Des armes pour la résistance kurde !
Depuis près de trois semaines, les combattants des Unités de défense
du peuple – qui ne sont pas exclusivement kurdes – (YPG) et des femmes
(YPJ) résistent à l’offensive militaire des djihadistes de l’État
islamique (EI), avec des effectifs et un armement inférieurs, ils
défendent la ville de Kobané avec un courage et une détermination qui
forcent le respect.
Malheureusement, ces soutiens et renforts sont loin d’être
suffisants. L’assaut des djihadistes sur Kobané bénéficie en effet du
fait que la Turquie a verrouillé la frontière et déployé sa police et
son armée pour bloquer les renforts, les acheminements en armes et en
ressources humanitaires. Aujourd’hui, les djihadistes sont dans la
ville. C’est là le résultat tragique de la montée en puissance de
l’entité appelée EI, elle-même conséquence de l’effondrement du régime
irakien, provoqué par des années de discrimination des sunnites par un
gouvernement soutenu sans faille par Obama, des armes déversées
aveuglément en Syrie notamment par les états-Unis, mais aussi du soutien
apporté par les pétromonarchies du golfe Persique et la Turquie aux
divers mouvements armés de l’islam politique en Syrie comme en Irak.
Sans compter le million de dollars que la vente du pétrole des puits
qu’il contrôle permet à l’EI d’encaisser chaque jour.
La Turquie, loin de venir en aide aux populations menacées par
l’avancée de l’EI, fait tout pour affaiblir ou liquider la résistance
kurde, qui à ses yeux risquerait de renforcer le poids des Kurdes dans
la région, des Kurdes à qui, chez elle, elle a toujours refusé
l’autonomie. Après s’être donné un cadre légal pour une intervention
terrestre visant « tous les groupes terroristes » présents en Syrie et
en Irak, elle conditionne désormais son entrée dans la coalition
internationale à la création d’une zone tampon sur le côté syrien de la
frontière, placée sous son autorité, prétexte à une occupation de fait
des trois cantons qui forment le Rojava. En soutenant cette proposition
que les Kurdes récusent, Hollande choisit, par pur opportunisme
géopolitique, la pire des solutions pour la résistance kurde.

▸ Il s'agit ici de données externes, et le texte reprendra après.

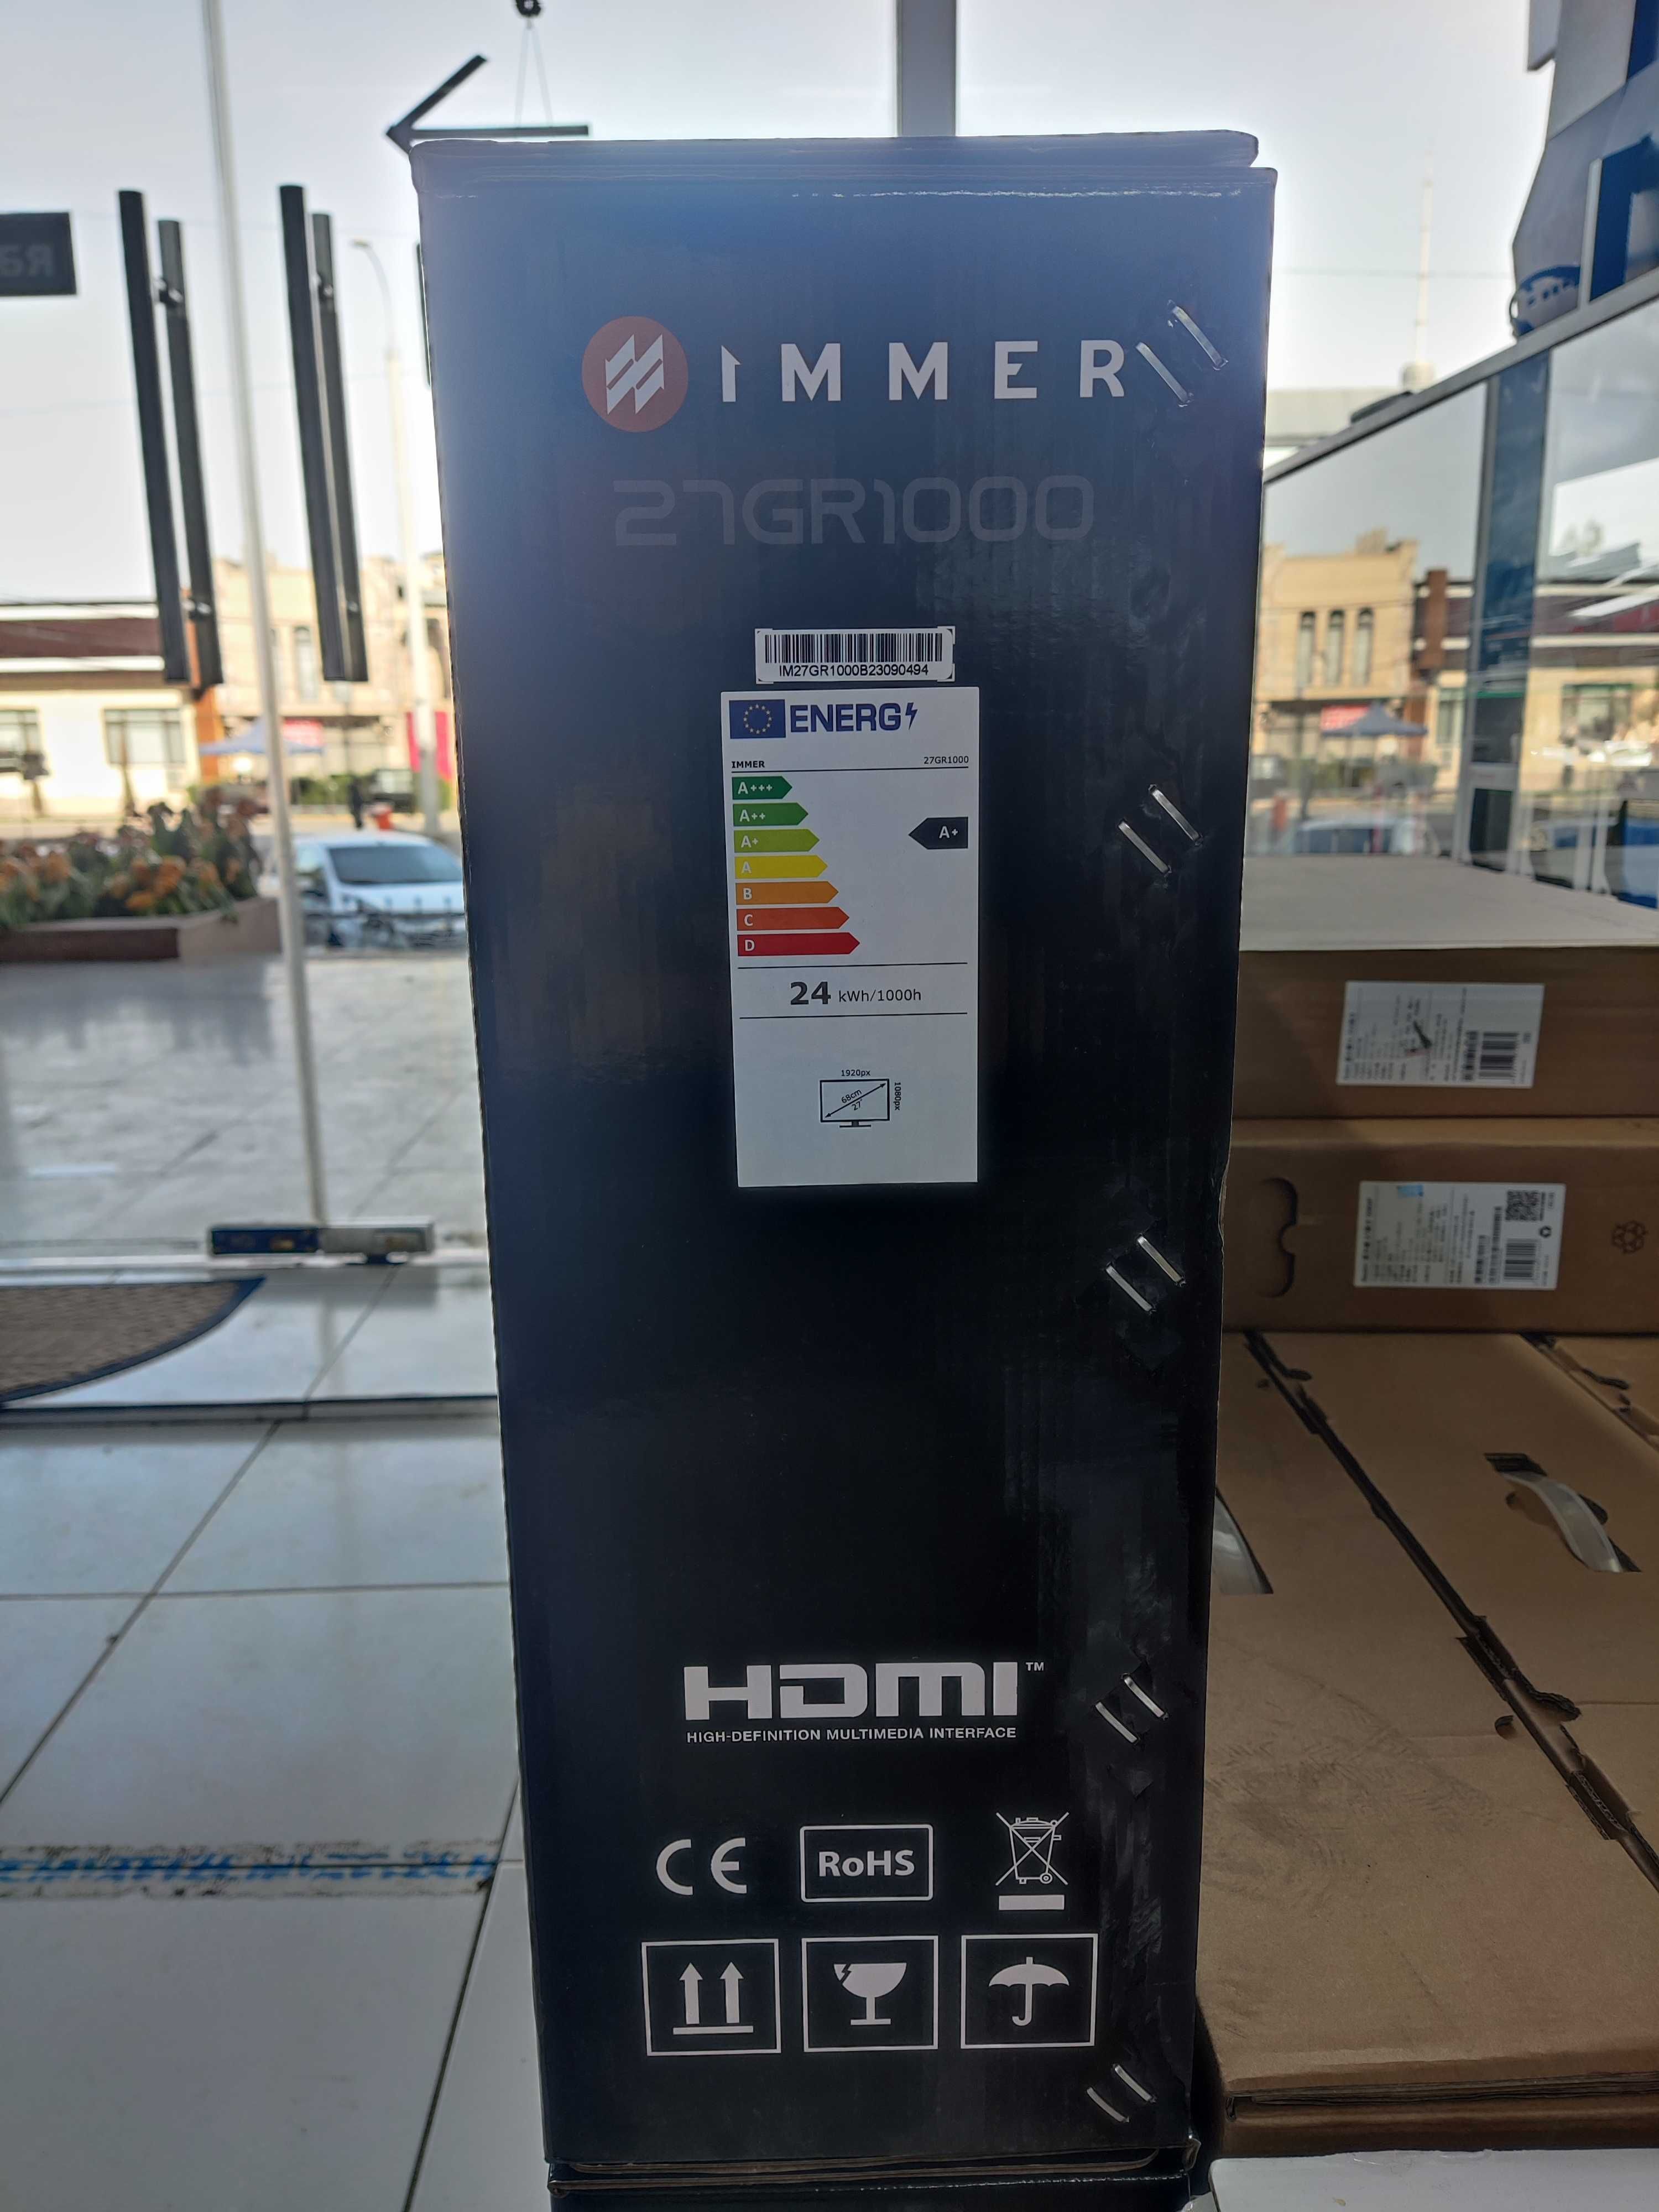 Монитор Immer Curved LED 27GR1000 (HDMI+DP) 165hz, FHD НОВЫЙ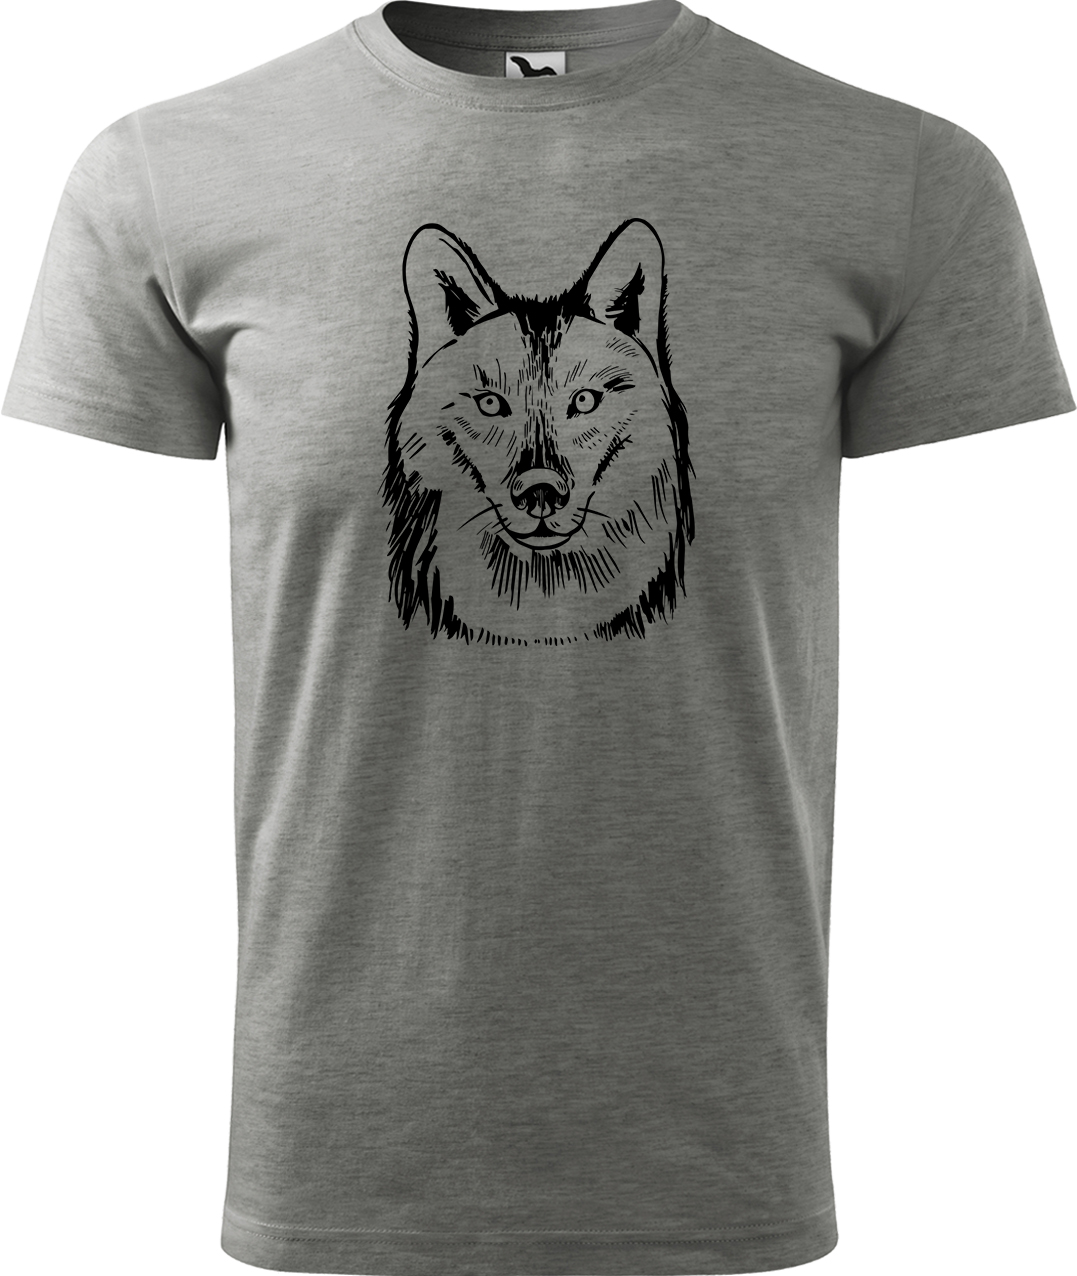 Pánské tričko s vlkem - Kresba vlka Velikost: 3XL, Barva: Tmavě šedý melír (12), Střih: pánský

En effet, la coalition, qui prétend travailler à éliminer les
djihadistes, dirigée par les États-Unis et à laquelle l’État français
s’est rallié, ne peut ignorer que, pour vaincre l’EI, des frappes de
drones et de missiles ne peuvent suffire, qu’il faut absolument financer
et armer ceux qui se battent sur le terrain. À savoir, en l’occurrence,
les Kurdes. En Syrie comme en Irak, où au mois d’août dernier ils sont
intervenus pour sauver des milliers de Yézidis réfugiés dans les monts
de Sinjar, ce sont les mouvements révolutionnaires kurdes qui sont en
première ligne. Mais le problème, c’est qu’ils le font à leur manière :
loin de faire la moindre confiance aux États et aux régimes en place,
ils poussent et aident les populations de cette vaste région, kurdes et
autres, à se battre, à s’autodéfendre, à s’armer militairement et
politiquement, à compter d’abord sur leurs capacités de mobilisation
pour protéger leur territoire.
Cette invitation à l’autodétermination et à l’organisation autonome
contient un redoutable parfum de liberté, une menace de sécession et
d’insubordination, de rupture dans les relations de pouvoir établies
(clientélisme, corruption, patriarcat, obéissance à des systèmes de
croyances et de transcendances extra-sociales). Et c’est de cela que la
coalition arabo-occidentale ne veut pas.
Pour nous,
au contraire, cette « menace »-là, c’est notre espoir. L’espoir de voir
enfin sortir du chaos moyen-oriental une force susceptible de combattre à
la fois l’obscurantisme religieux et l’option militaire qui, depuis des
décennies, sont le lot des populations de la région. L’espoir de voir
renaître des mouvements de résistance aux pouvoirs établis, porteurs
d’émancipation. Déjà, l’offensive de l’EI à Kobané a provoqué une
formidable mobilisation des Kurdes en Turquie (violemment réprimée : 22
morts annoncés) et dans la diaspora : manifestations dans des villes
d’Europe, rassemblements de milliers de personnes sur la frontière,
infiltration de plusieurs centaines de volontaires pour défendre la
ville. De notre côté, nous pouvons et nous devons nous mobiliser pour
apporter un soutien clair à ces mouvements de résistance, en relayant
leurs revendications et en aidant à l’expression des forces
d’émancipation dont ils sont porteurs.